- **WHAT YOU WILL DO**
Please give back only the lines below from the one containing "Early 20th century" to the one containing "Young girl from", each repeated word for word, both ends included.
━━━
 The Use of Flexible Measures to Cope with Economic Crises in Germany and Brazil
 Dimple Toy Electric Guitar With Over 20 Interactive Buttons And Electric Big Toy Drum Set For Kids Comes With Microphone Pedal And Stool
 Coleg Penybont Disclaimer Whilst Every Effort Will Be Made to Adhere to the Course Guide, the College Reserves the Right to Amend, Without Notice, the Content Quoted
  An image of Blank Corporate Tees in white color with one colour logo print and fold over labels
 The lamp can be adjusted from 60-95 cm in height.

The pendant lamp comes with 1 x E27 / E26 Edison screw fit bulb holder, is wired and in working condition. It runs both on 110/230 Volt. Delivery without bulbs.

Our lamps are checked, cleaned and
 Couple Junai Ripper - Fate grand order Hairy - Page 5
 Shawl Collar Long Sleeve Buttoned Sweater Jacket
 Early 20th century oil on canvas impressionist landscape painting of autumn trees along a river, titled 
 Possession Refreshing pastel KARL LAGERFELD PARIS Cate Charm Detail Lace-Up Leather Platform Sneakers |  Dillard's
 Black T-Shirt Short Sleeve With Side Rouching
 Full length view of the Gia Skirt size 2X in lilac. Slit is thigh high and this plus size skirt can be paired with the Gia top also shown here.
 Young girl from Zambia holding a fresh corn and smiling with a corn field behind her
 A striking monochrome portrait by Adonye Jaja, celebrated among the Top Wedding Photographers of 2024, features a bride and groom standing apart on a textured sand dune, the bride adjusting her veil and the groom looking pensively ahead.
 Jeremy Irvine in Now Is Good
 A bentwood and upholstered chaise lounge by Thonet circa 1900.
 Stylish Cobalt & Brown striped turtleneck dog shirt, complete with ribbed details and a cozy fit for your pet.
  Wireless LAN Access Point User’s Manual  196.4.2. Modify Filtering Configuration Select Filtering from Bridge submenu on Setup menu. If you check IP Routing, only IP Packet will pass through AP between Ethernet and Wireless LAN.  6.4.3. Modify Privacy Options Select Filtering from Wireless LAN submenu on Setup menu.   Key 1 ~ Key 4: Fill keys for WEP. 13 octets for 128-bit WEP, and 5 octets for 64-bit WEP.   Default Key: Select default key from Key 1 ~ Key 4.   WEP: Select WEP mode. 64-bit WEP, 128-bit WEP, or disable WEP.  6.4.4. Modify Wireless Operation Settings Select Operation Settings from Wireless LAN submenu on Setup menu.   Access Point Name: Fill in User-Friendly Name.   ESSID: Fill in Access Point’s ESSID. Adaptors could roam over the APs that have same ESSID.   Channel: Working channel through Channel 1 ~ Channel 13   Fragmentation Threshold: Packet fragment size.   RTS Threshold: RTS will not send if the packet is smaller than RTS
━━━
- **SOLUTION FOR THIS EXERCISE**
 Early 20th century oil on canvas impressionist landscape painting of autumn trees along a river, titled 
 Possession Refreshing pastel KARL LAGERFELD PARIS Cate Charm Detail Lace-Up Leather Platform Sneakers |  Dillard's
 Black T-Shirt Short Sleeve With Side Rouching
 Full length view of the Gia Skirt size 2X in lilac. Slit is thigh high and this plus size skirt can be paired with the Gia top also shown here.
 Young girl from Zambia holding a fresh corn and smiling with a corn field behind her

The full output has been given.